-- Opening Marker --

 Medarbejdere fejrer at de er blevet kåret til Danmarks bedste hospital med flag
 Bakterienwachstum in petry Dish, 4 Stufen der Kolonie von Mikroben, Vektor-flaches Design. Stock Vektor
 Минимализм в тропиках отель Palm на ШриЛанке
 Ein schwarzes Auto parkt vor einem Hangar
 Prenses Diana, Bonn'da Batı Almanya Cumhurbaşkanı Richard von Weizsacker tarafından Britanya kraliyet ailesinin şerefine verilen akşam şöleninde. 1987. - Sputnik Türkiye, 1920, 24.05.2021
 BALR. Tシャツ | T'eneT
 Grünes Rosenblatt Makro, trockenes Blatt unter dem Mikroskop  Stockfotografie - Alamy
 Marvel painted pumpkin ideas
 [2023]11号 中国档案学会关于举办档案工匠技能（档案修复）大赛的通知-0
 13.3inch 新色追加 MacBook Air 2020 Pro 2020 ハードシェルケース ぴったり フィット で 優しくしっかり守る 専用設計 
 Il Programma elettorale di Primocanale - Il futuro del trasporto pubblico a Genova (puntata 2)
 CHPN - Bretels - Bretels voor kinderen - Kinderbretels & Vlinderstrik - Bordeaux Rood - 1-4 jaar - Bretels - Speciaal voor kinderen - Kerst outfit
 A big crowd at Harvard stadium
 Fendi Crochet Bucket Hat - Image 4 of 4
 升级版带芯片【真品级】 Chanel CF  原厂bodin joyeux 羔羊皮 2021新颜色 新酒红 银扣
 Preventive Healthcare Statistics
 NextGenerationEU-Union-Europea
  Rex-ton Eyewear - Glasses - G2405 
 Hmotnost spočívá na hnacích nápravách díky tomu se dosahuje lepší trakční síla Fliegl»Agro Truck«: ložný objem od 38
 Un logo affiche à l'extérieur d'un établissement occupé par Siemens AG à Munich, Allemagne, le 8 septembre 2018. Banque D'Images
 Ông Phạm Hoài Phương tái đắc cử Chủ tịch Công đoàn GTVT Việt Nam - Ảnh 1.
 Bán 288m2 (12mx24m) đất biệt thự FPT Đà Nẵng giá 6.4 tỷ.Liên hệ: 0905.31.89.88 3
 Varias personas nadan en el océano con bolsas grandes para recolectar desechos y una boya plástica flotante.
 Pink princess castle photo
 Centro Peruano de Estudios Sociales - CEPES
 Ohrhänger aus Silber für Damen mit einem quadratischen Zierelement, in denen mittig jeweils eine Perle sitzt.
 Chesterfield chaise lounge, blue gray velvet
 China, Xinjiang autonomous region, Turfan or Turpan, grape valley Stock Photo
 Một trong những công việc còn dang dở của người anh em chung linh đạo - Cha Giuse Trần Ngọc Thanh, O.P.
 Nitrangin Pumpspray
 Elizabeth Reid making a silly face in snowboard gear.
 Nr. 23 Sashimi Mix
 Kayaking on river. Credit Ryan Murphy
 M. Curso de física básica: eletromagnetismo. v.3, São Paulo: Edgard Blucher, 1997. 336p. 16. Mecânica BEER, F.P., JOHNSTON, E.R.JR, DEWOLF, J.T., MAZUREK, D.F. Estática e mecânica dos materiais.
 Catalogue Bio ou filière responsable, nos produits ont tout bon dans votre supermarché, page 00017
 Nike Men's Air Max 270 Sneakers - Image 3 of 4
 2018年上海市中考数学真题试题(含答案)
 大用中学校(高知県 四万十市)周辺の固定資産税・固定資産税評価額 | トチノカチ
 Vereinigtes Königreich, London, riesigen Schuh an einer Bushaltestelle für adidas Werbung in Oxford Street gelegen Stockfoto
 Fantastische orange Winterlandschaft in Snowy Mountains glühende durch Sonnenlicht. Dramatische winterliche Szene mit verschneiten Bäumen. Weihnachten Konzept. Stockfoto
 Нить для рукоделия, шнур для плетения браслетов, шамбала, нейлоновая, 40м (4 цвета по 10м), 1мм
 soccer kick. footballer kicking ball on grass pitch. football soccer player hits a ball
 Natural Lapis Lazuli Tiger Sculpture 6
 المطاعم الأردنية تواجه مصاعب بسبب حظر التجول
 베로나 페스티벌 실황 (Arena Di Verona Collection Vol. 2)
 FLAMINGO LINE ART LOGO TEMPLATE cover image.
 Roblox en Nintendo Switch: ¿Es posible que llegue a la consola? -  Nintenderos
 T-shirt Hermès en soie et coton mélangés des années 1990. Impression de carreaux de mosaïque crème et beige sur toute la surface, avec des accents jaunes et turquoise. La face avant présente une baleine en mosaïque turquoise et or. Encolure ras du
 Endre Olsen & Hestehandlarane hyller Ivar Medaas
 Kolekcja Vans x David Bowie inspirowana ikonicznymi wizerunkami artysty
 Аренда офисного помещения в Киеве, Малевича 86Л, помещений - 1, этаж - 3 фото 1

-- Closing Marker --

◆ Your objective: Set down the material exactly, keeping every line.

◆ Output of the exercise:
 Medarbejdere fejrer at de er blevet kåret til Danmarks bedste hospital med flag
 Bakterienwachstum in petry Dish, 4 Stufen der Kolonie von Mikroben, Vektor-flaches Design. Stock Vektor
 Минимализм в тропиках отель Palm на ШриЛанке
 Ein schwarzes Auto parkt vor einem Hangar
 Prenses Diana, Bonn'da Batı Almanya Cumhurbaşkanı Richard von Weizsacker tarafından Britanya kraliyet ailesinin şerefine verilen akşam şöleninde. 1987. - Sputnik Türkiye, 1920, 24.05.2021
 BALR. Tシャツ | T'eneT
 Grünes Rosenblatt Makro, trockenes Blatt unter dem Mikroskop  Stockfotografie - Alamy
 Marvel painted pumpkin ideas
 [2023]11号 中国档案学会关于举办档案工匠技能（档案修复）大赛的通知-0
 13.3inch 新色追加 MacBook Air 2020 Pro 2020 ハードシェルケース ぴったり フィット で 優しくしっかり守る 専用設計 
 Il Programma elettorale di Primocanale - Il futuro del trasporto pubblico a Genova (puntata 2)
 CHPN - Bretels - Bretels voor kinderen - Kinderbretels & Vlinderstrik - Bordeaux Rood - 1-4 jaar - Bretels - Speciaal voor kinderen - Kerst outfit
 A big crowd at Harvard stadium
 Fendi Crochet Bucket Hat - Image 4 of 4
 升级版带芯片【真品级】 Chanel CF  原厂bodin joyeux 羔羊皮 2021新颜色 新酒红 银扣
 Preventive Healthcare Statistics
 NextGenerationEU-Union-Europea
  Rex-ton Eyewear - Glasses - G2405 
 Hmotnost spočívá na hnacích nápravách díky tomu se dosahuje lepší trakční síla Fliegl»Agro Truck«: ložný objem od 38
 Un logo affiche à l'extérieur d'un établissement occupé par Siemens AG à Munich, Allemagne, le 8 septembre 2018. Banque D'Images
 Ông Phạm Hoài Phương tái đắc cử Chủ tịch Công đoàn GTVT Việt Nam - Ảnh 1.
 Bán 288m2 (12mx24m) đất biệt thự FPT Đà Nẵng giá 6.4 tỷ.Liên hệ: 0905.31.89.88 3
 Varias personas nadan en el océano con bolsas grandes para recolectar desechos y una boya plástica flotante.
 Pink princess castle photo
 Centro Peruano de Estudios Sociales - CEPES
 Ohrhänger aus Silber für Damen mit einem quadratischen Zierelement, in denen mittig jeweils eine Perle sitzt.
 Chesterfield chaise lounge, blue gray velvet
 China, Xinjiang autonomous region, Turfan or Turpan, grape valley Stock Photo
 Một trong những công việc còn dang dở của người anh em chung linh đạo - Cha Giuse Trần Ngọc Thanh, O.P.
 Nitrangin Pumpspray
 Elizabeth Reid making a silly face in snowboard gear.
 Nr. 23 Sashimi Mix
 Kayaking on river. Credit Ryan Murphy
 M. Curso de física básica: eletromagnetismo. v.3, São Paulo: Edgard Blucher, 1997. 336p. 16. Mecânica BEER, F.P., JOHNSTON, E.R.JR, DEWOLF, J.T., MAZUREK, D.F. Estática e mecânica dos materiais.
 Catalogue Bio ou filière responsable, nos produits ont tout bon dans votre supermarché, page 00017
 Nike Men's Air Max 270 Sneakers - Image 3 of 4
 2018年上海市中考数学真题试题(含答案)
 大用中学校(高知県 四万十市)周辺の固定資産税・固定資産税評価額 | トチノカチ
 Vereinigtes Königreich, London, riesigen Schuh an einer Bushaltestelle für adidas Werbung in Oxford Street gelegen Stockfoto
 Fantastische orange Winterlandschaft in Snowy Mountains glühende durch Sonnenlicht. Dramatische winterliche Szene mit verschneiten Bäumen. Weihnachten Konzept. Stockfoto
 Нить для рукоделия, шнур для плетения браслетов, шамбала, нейлоновая, 40м (4 цвета по 10м), 1мм
 soccer kick. footballer kicking ball on grass pitch. football soccer player hits a ball
 Natural Lapis Lazuli Tiger Sculpture 6
 المطاعم الأردنية تواجه مصاعب بسبب حظر التجول
 베로나 페스티벌 실황 (Arena Di Verona Collection Vol. 2)
 FLAMINGO LINE ART LOGO TEMPLATE cover image.
 Roblox en Nintendo Switch: ¿Es posible que llegue a la consola? -  Nintenderos
 T-shirt Hermès en soie et coton mélangés des années 1990. Impression de carreaux de mosaïque crème et beige sur toute la surface, avec des accents jaunes et turquoise. La face avant présente une baleine en mosaïque turquoise et or. Encolure ras du
 Endre Olsen & Hestehandlarane hyller Ivar Medaas
 Kolekcja Vans x David Bowie inspirowana ikonicznymi wizerunkami artysty
 Аренда офисного помещения в Киеве, Малевича 86Л, помещений - 1, этаж - 3 фото 1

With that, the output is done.